From Tim Rentsch@tr.17687@z991.linuxsc.com to comp.lang.c on Tue Apr 7 21:54:30 2026

From Newsgroup: comp.lang.c

Michael S <already5chosen@yahoo.com> writes:

On Mon, 06 Apr 2026 21:00:46 -0700
Tim Rentsch <tr.17687@z991.linuxsc.com> wrote:

Michael S <already5chosen@yahoo.com> writes:

On Mon, 06 Apr 2026 15:13:32 -0700
Tim Rentsch <tr.17687@z991.linuxsc.com> wrote:

Obviously what words (or lines) appear can affect the character
counts, but that still doesn't change BigO. By the way you don't
say whether you are sorting words or lines.

This sub-thread is about sorting lines with average length of few
dozens characters, i.e. many times longer than log2(N). That was
stated at one of earlier posts.

That has nothing to do with BigO, which is about asymptotic behavior
as N goes to infinity.

So, how do you call part of the curve from 1e2 to 3e5 lines? MiddleO ?

Consider a thought experiment. We have a qsort-like sorting function,
for the sake of discussion let's say it uses heapsort. It is widely
understood that heapsort is an O(N*log(N)) algorithm (not counting the theoretical objections mentioned in Waldek Hebisch's post and my
response to those comments).

Now suppose we have two distinct invocations of said function. In
both cases the arguments are length 1000 character strings, having
only spaces and alphabetic characters, and no duplicates between the
strings.
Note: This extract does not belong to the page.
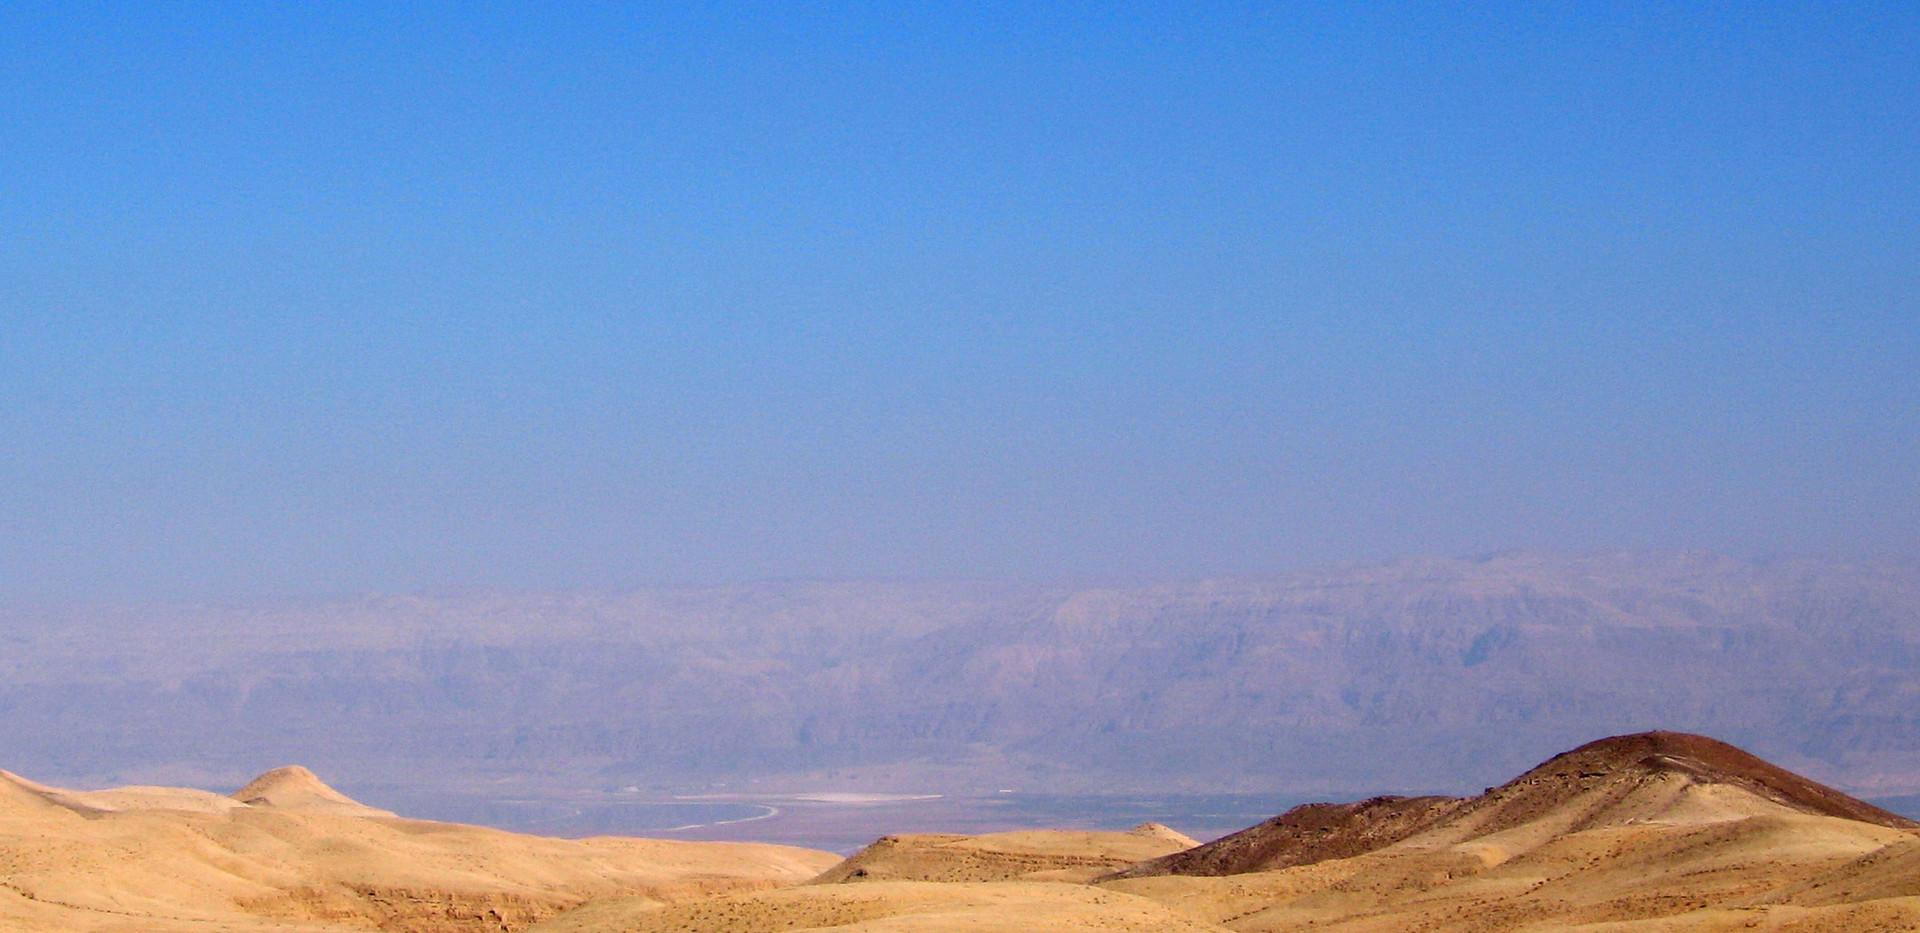 064 Dead Sea.JPG

In one call all the strings have distinct values in the
first six characters, and in the other call the strings are all the
same in the first 993 characters, differing only in the last six
characters. The call to the sorting function points back to a
function that uses strcmp() to do its comparisons.
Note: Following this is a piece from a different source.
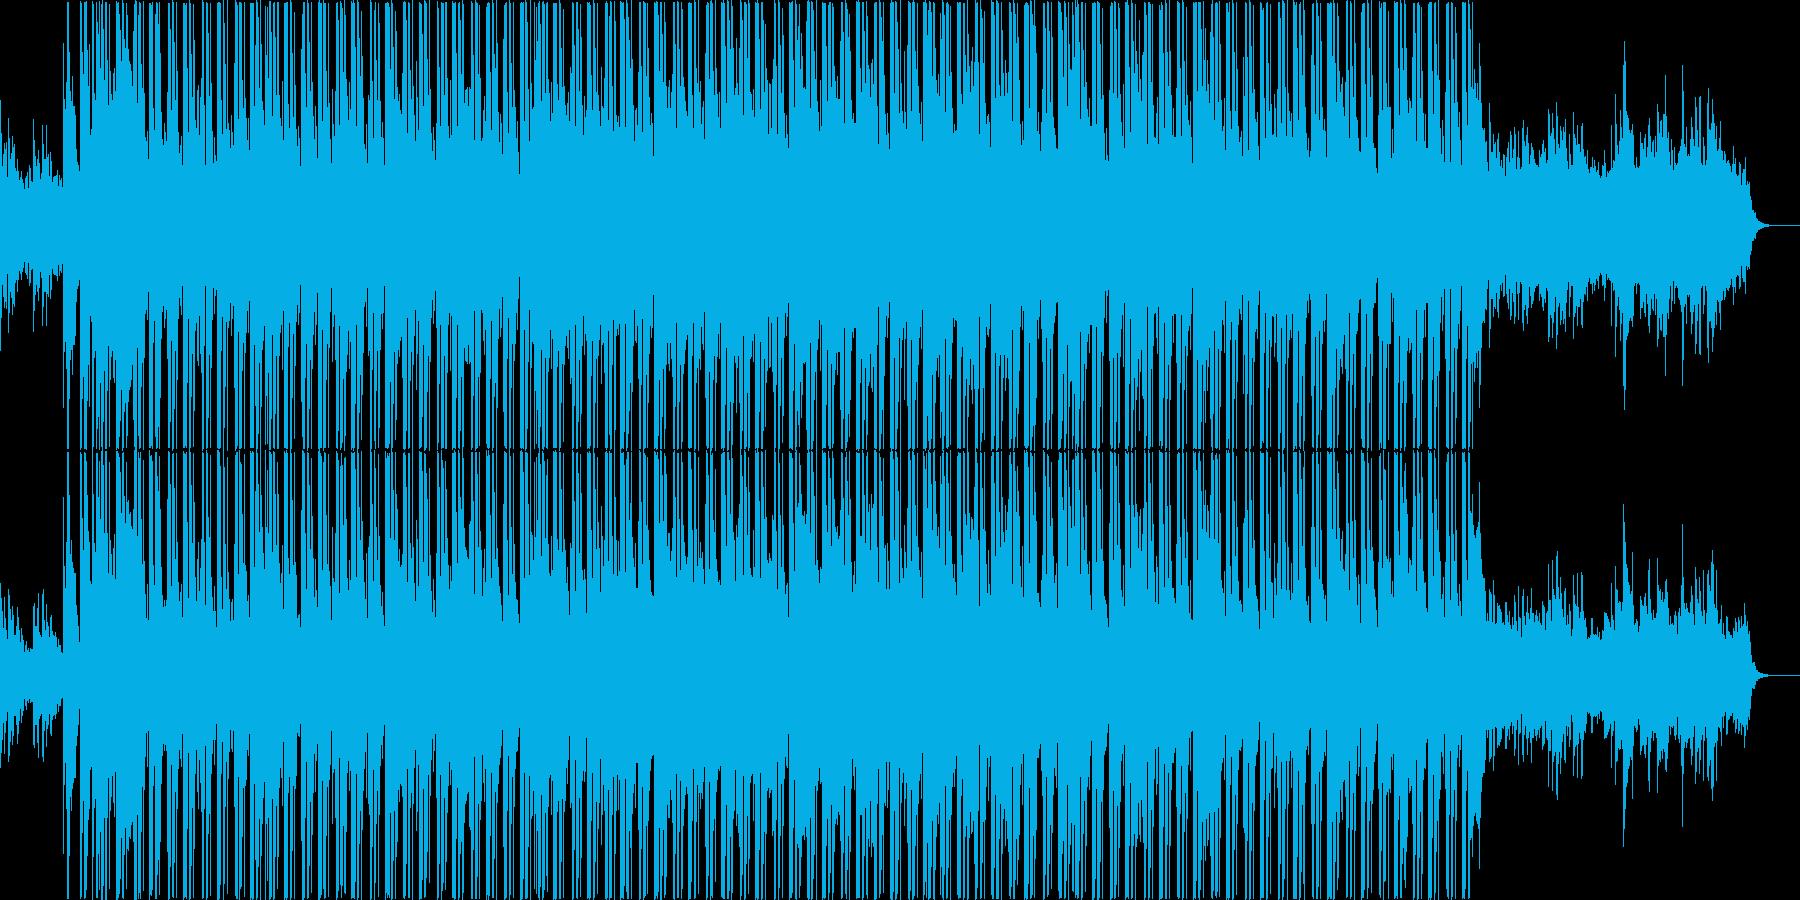 和風で明るくかわいいヒップホップの再生済みの波形

The heapsort algorithm is well-known to be N log N. All the strings
in both sorts are exactly 1000 characters, so the strcmp() calls have
a fixed maximum time cost. And yet one of these sorts runs almost 200
times as fast as the other.

I think what you're seeing is a data dependency that is orthogonal to
the time complexity of the algorithm. For example, the travelling
salesman problem is widely known to be NP complete, and yet on some
inputs a solution can be found very quickly. BigO is about worst case behavior, or sometimes average case behavior. Other kinds of behavior
can depend dramatically on the nature of the inputs.
--- Synchronet 3.21f-Linux NewsLink 1.2

From cross@cross@spitfire.i.gajendra.net (Dan Cross) to comp.lang.c on Thu Apr 9 16:06:32 2026

From Newsgroup: comp.lang.c

In article <86y0iyvypl.fsf@linuxsc.com>,
Tim Rentsch <tr.17687@z991.linuxsc.com> wrote:

Michael S <already5chosen@yahoo.com> writes:

On Mon, 06 Apr 2026 21:00:46 -0700
Tim Rentsch <tr.17687@z991.linuxsc.com> wrote:

Michael S <already5chosen@yahoo.com> writes:

On Mon, 06 Apr 2026 15:13:32 -0700
Tim Rentsch <tr.17687@z991.linuxsc.com> wrote:

Obviously what words (or lines) appear can affect the character
counts, but that still doesn't change BigO. By the way you don't
say whether you are sorting words or lines.

This sub-thread is about sorting lines with average length of few
dozens characters, i.e. many times longer than log2(N). That was
stated at one of earlier posts.

That has nothing to do with BigO, which is about asymptotic behavior
as N goes to infinity.

So, how do you call part of the curve from 1e2 to 3e5 lines? MiddleO ?

Consider a thought experiment. We have a qsort-like sorting function,
for the sake of discussion let's say it uses heapsort. It is widely >understood that heapsort is an O(N*log(N)) algorithm (not counting the >theoretical objections mentioned in Waldek Hebisch's post and my
response to those comments).

Now suppose we have two distinct invocations of said function. In
both cases the arguments are length 1000 character strings, having
only spaces and alphabetic characters, and no duplicates between the
strings. In one call all the strings have distinct values in the
first six characters, and in the other call the strings are all the
same in the first 993 characters, differing only in the last six
characters. The call to the sorting function points back to a
function that uses strcmp() to do its comparisons.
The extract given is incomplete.